DUE TO THE UNCERTAIN AND SHIFTING DEVELOPMENT OF THE NETWORK STORAGE SOFTWARE
MARKET AND OUR RELIANCE ON OUR PARTNERS, WE MAY HAVE DIFFICULTY ACCURATELY
PREDICTING REVENUE FOR FUTURE PERIODS AND APPROPRIATELY BUDGETING FOR EXPENSES.

         The rapidly evolving nature of the network storage software market in
which we sell our products, the degrees of effort and success of our partners'
sales and marketing efforts, and other factors that are beyond our control,
reduce our ability to accurately forecast our quarterly and annual revenue.
However, we must use our forecasted revenue to establish our expense budget.
Most of our expenses are fixed in the short term or incurred in advance of
anticipated revenue. As a result, we may not be able to decrease our expenses in
a timely manner to offset any shortfall in revenue.

THE MARKET FOR STORAGE AREA NETWORKS AND NETWORK ATTACHED STORAGE ARE STILL
MATURING, AND OUR BUSINESS WILL SUFFER IF THEY DO NOT CONTINUE TO DEVELOP AS WE
EXPECT.

         The continued adoption of Storage Area Networks (SAN) and Network
Attached Storage (NAS) solutions is critical to our future success. The markets
for SAN and NAS solutions are still maturing, making it difficult to predict
their potential sizes or future growth rates. If these markets develop more
slowly than we expect, our business, financial condition and results of
operations would be adversely affected.

THE MARKET FOR DISK-BASED BACKUP SOLUTIONS IS STILL MATURING, AND OUR BUSINESS
WILL SUFFER IF IT DOES NOT CONTINUE TO DEVELOP AS WE EXPECT.

         The continued adoption of disk-based backup solutions, such as our
VirtualTape Library software, is critical to our future success. The market for
disk-based backup solutions is still maturing, making it difficult to predict
its potential size or future growth rate. If this market develops more slowly
than we expect, our business, financial condition and results of operations
would be adversely affected.

THE MARKET FOR IP-BASED STORAGE AREA NETWORKS IS NEW AND UNCERTAIN, AND OUR
BUSINESS WILL SUFFER IF IT DOES NOT DEVELOP AS WE EXPECT.

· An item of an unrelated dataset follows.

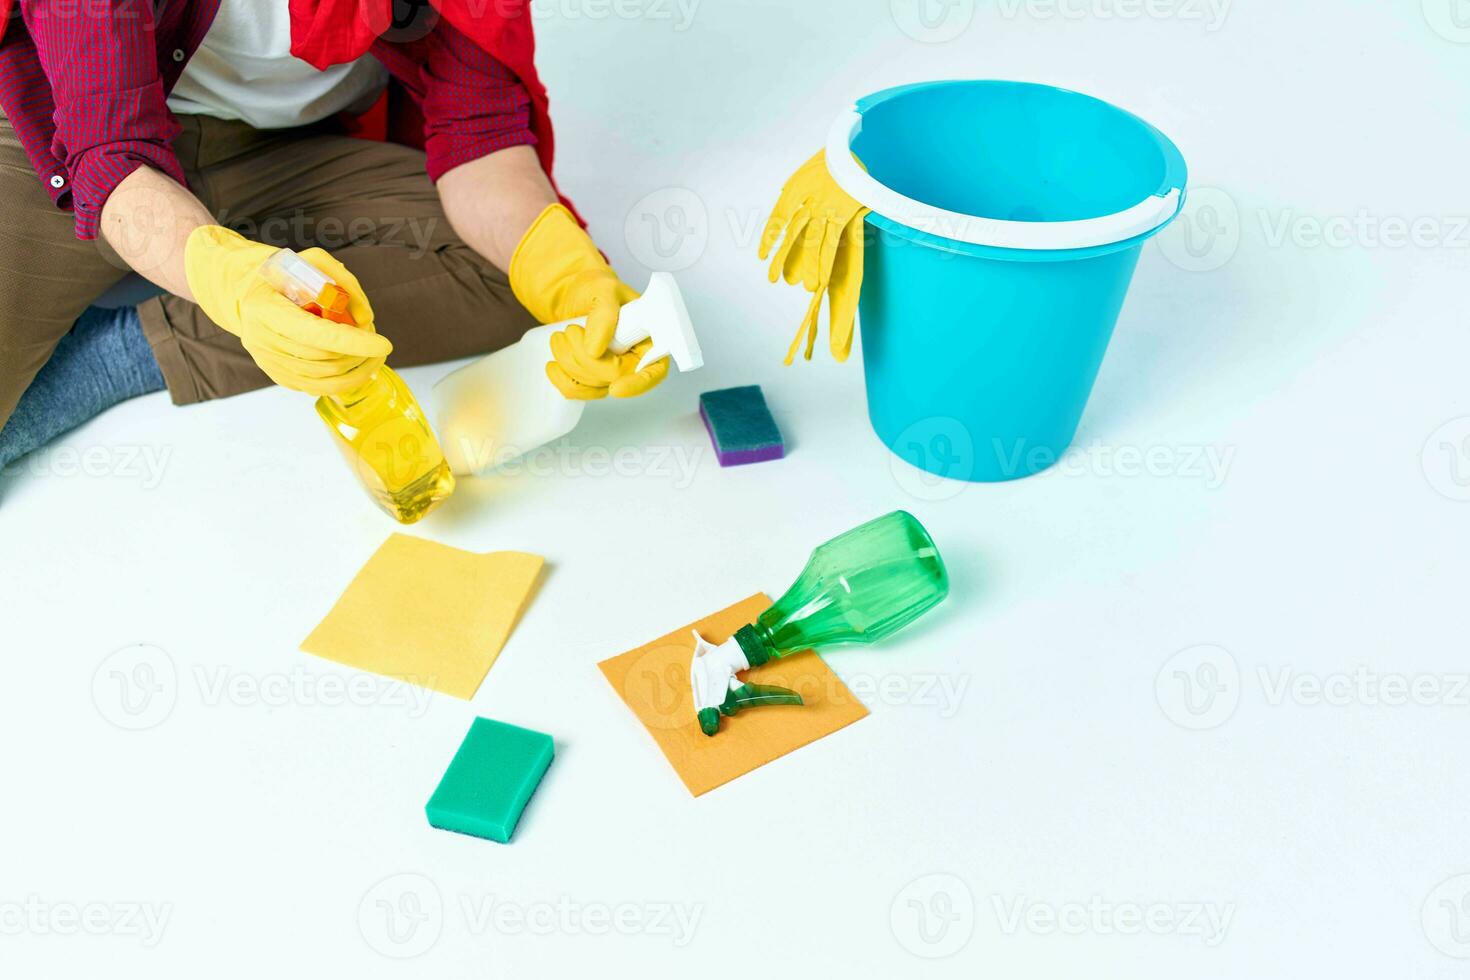 tarefas domésticas estilo de vida quarto interior profissional limpeza estilo de vida tarefas foto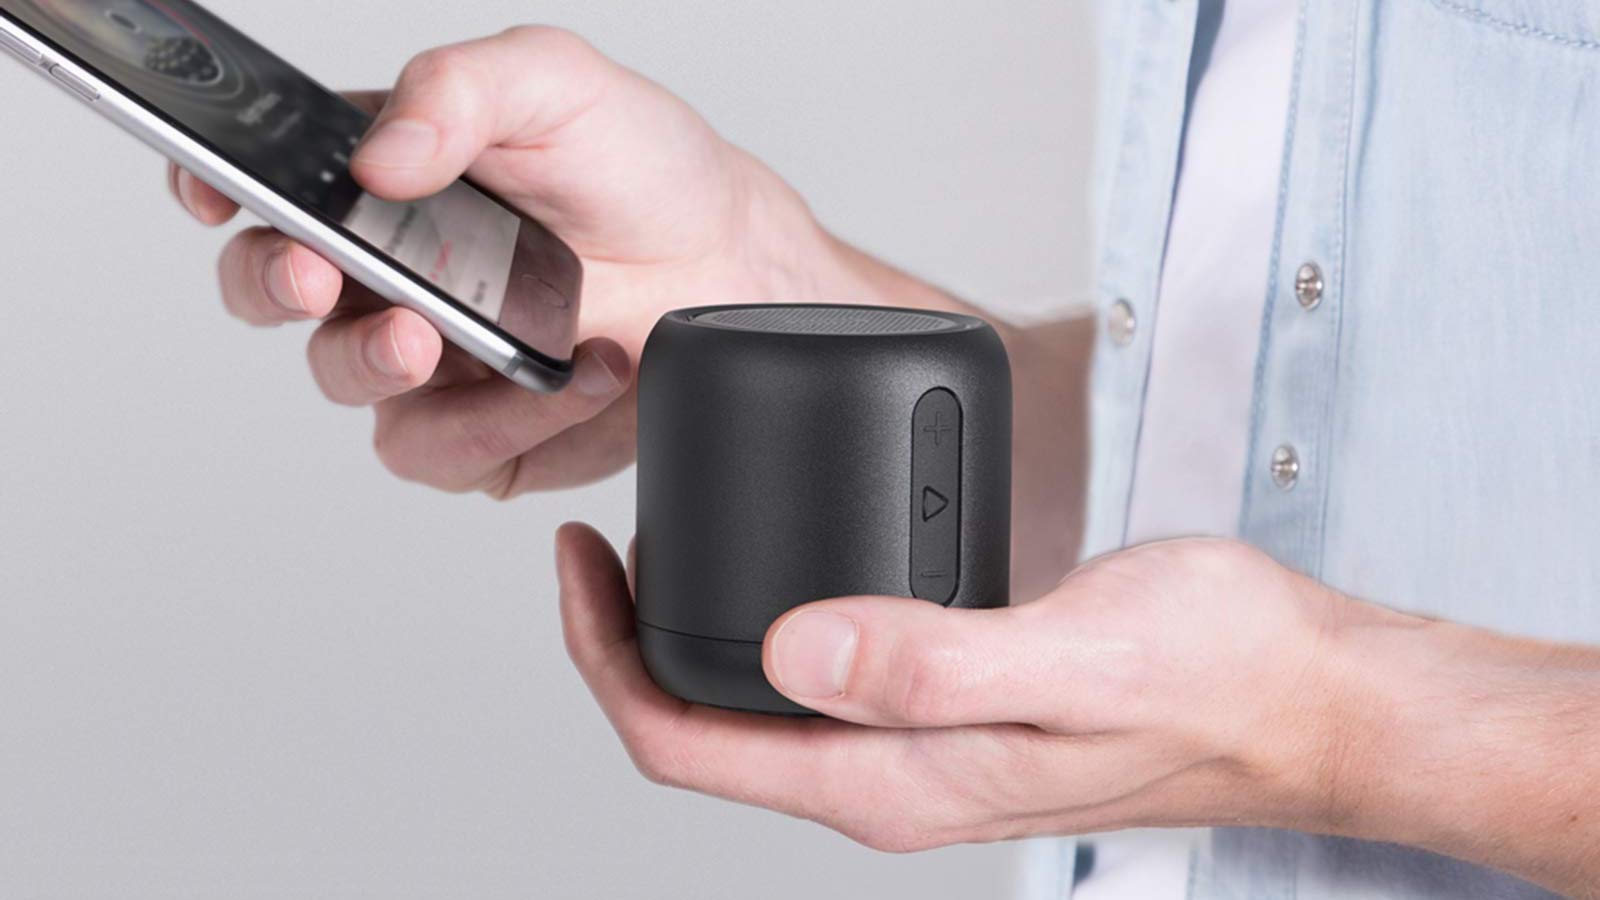 The Anker SoundCore Mini Portable Bluetooth Speaker

         The rapid adoption of IP-based Storage Area Networks (SAN) is important
to our future success. The market for IP-based SANs is still unproven, making it
difficult to predict the potential size or future growth rate. We are uncertain
whether a viable market for our products will develop or be sustainable. If this
market fails to develop, or develops more slowly than we expect, our business,
financial condition and results of operations would be adversely affected.

WE MAY NOT BE ABLE TO PENETRATE THE SMALL/MEDIUM BUSINESS AND SMALL OFFICE/HOME
OFFICE MARKETS.

         We have announced plans to offer products for the small/medium business
(SMB) and small office/home office (SOHO) markets. We may not be able to design
or offer products attractive to the SMB and the SOHO markets, or to reach
agreements with OEMs and resellers with significant presences in the SMB and


                                       3


SOHO markets. If we are unable to penetrate the SMB and SOHO markets, we will
not be able to recoup the expenses associated with our efforts in these markets
and our ability to grow revenues could suffer.

THE MARKET FOR OUR PRIMEVAULTSM SERVICES IS COMPETITIVE AND IT IS UNCERTAIN
WHETHER WE WILL ATTRACT ENOUGH CUSTOMERS TO PROVIDE AN ADEQUATE RETURN ON
INVESTMENT.

         We have continued to make investments in infrastructure and in
operating, sales and marketing personnel for our PrimeVault disaster recovery,
data backup, managed storage, and VTL replication services. The market for these
services is competitive with a number of vendors offering similar services.
Despite what we believe are competitive advantages offered by our PrimeVault
services based on our proprietary IPStor and VTL families of software, there can
be no assurance that we will be able to attract enough customers, or earn enough
revenues, to cover our investment in PrimeVault services or to provide an
adequate return on that investment.

IF WE ARE UNABLE TO DEVELOP AND MANUFACTURE NEW PRODUCTS THAT ACHIEVE ACCEPTANCE
IN THE NETWORK STORAGE SOFTWARE MARKET, OUR OPERATING RESULTS MAY SUFFER.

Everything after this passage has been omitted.